ДНК неземной любви - Татьяна Степанова
Шрифт:
Интервал:
Закладка:
– Не только это не ясно. В этих убийствах и другие загадки имеются, – машинально ответила Катя. – Мы разбираемся.
Он снова глянул на нее сверху вниз, и в его взгляде явно сквозило: уж вы-то разберетесь...
– Труп куда нести? Прямо на сцену?
Это прозвучало... в этой комнате на первом этаже с зарешеченным окном, еще хранившей в себе застоявшийся водочно-чесночный запах... это прозвучало, как...

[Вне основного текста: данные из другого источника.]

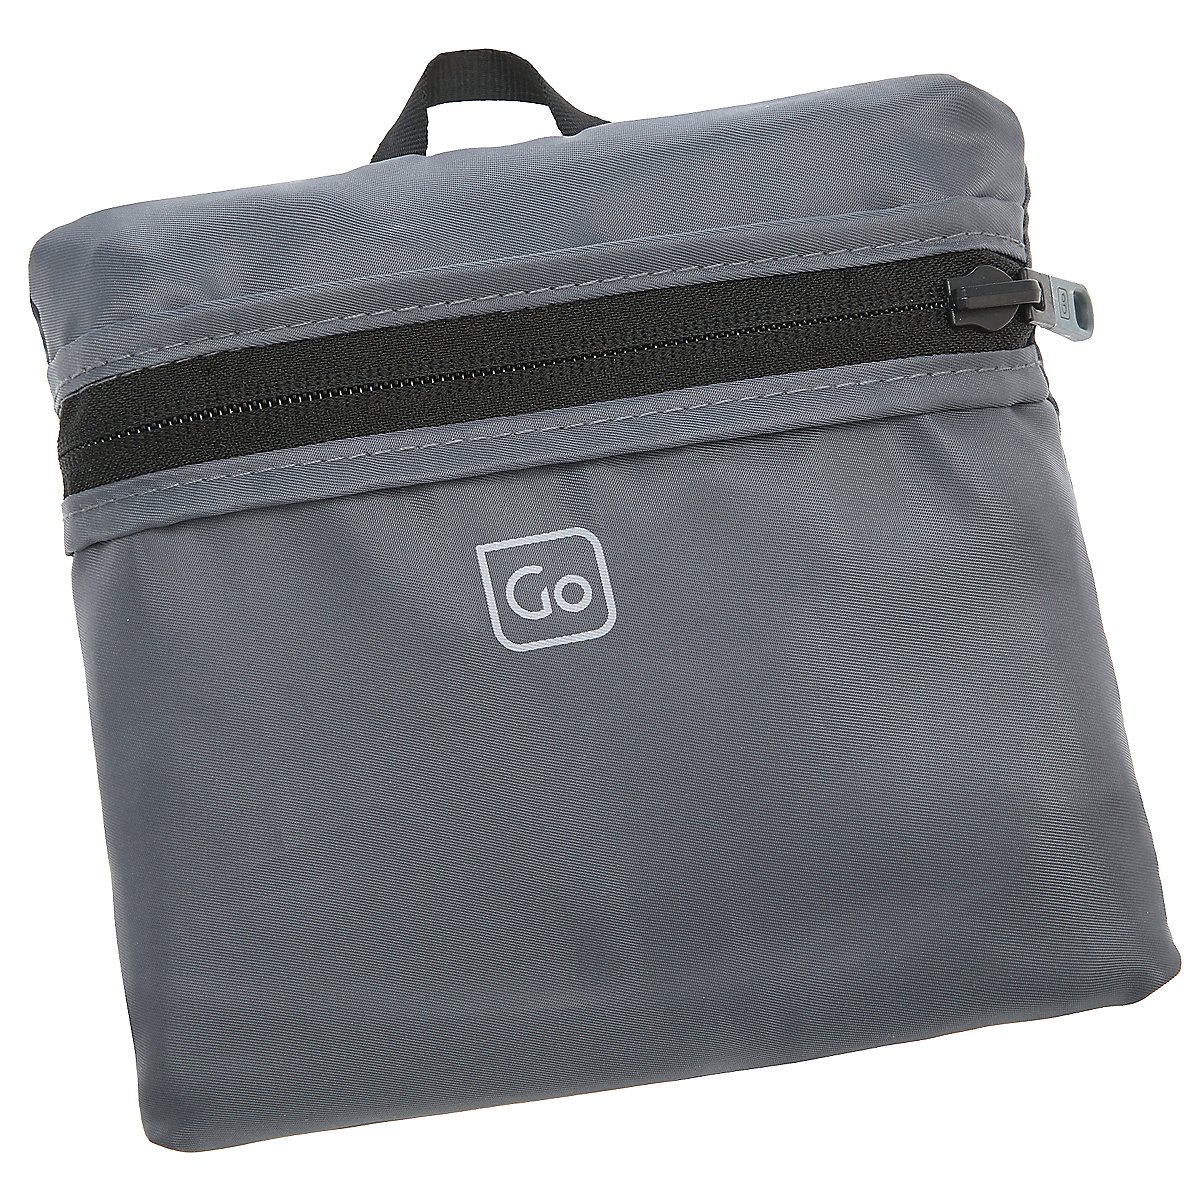 Design Go ReisezubehÃ¶r faltbare Reisetasche Tote Bag 50 cm - koffer ...

– Что ж вы так побледнели-то, девушка? Это ж просто реквизит, – шепнул Константин Мартов на ухо Кате.
А она...
Стыд и позор...
– Минералки дать?
– Н-нет, да, спасибо, дайте.
– Присядь-ка...
Он вышел, через минуту вернулся с бутылкой воды и стаканом. Смотрел, как Катя пьет минералку.
– Ну что, лучше вам?
– Что это за реквизит такой у вас? – Катя встала.
То была лишь минутная слабость. Все, она уже взяла себя в руки. И пусть этот хмырь... этот тип, от которого разит коньяком, не ухмыляется так...
– Взглянуть желаете?
– Да, желаю.
– Тогда заранее приглашаю вас на премьеру. Это наш спектакль «Вишневый сад».
На маленькой сцене с раздвинутым бархатным занавесом двери распахнуты в цветущий белый сад.
Декорации... задник размалеванный...
А посредине на скамью рабочие укладывали раздувшееся, изуродованное тлением тело. Старая ливрея, клочки седых волос, пальцы, скрюченные, как когти. Труп... нет, весьма натуралистично выполненный муляж.
– Говорят, у каждого свой «Вишневый сад». Это вот моя версия.
– Ваша? – Катя смотрела на труп.
– Наша, нашего театра... Это, как вы, может, догадались, Фирс, лакей. Служил, служил, а потом его бросили умирать в запертом доме. Наш спектакль начинается с конца пьесы. Когда они все... все эти люди, устав от всеобщего воровства, от лжи, от собственной трусости и никчемности, снова возвращаются домой, к своим пенатам, в свою нору – больше-то им просто некуда деваться, – открывают запертые наглухо двери, а тут сюрприз – мертвец из прошлого, гнойный и вонючий... бедный старик, жертва их равнодушия... в общем-то случайная жертва... хотя, по моему мнению, это почти непредумышленное убийство, даже хуже, чем убийство, полный пофигизм.
– Уйдут ваши зрители с премьеры, прямо с середины первого действия. И потом никто не пойдет смотреть такой «Вишневый сад».
– А мы сюрпризик еще один имеем на этот случай – сцену с раздеванием, стриптиз... ну это когда Раневская вечер в поместье устраивает... стриптиз и что-то вроде парижского борделя. А Шарлотта, гувернантка, будет лесбиянкой в мужском костюме. Придут смотреть из одного только любопытства.
– Скамейка на сцене точно такая же, что и на бульваре, – сказала Катя.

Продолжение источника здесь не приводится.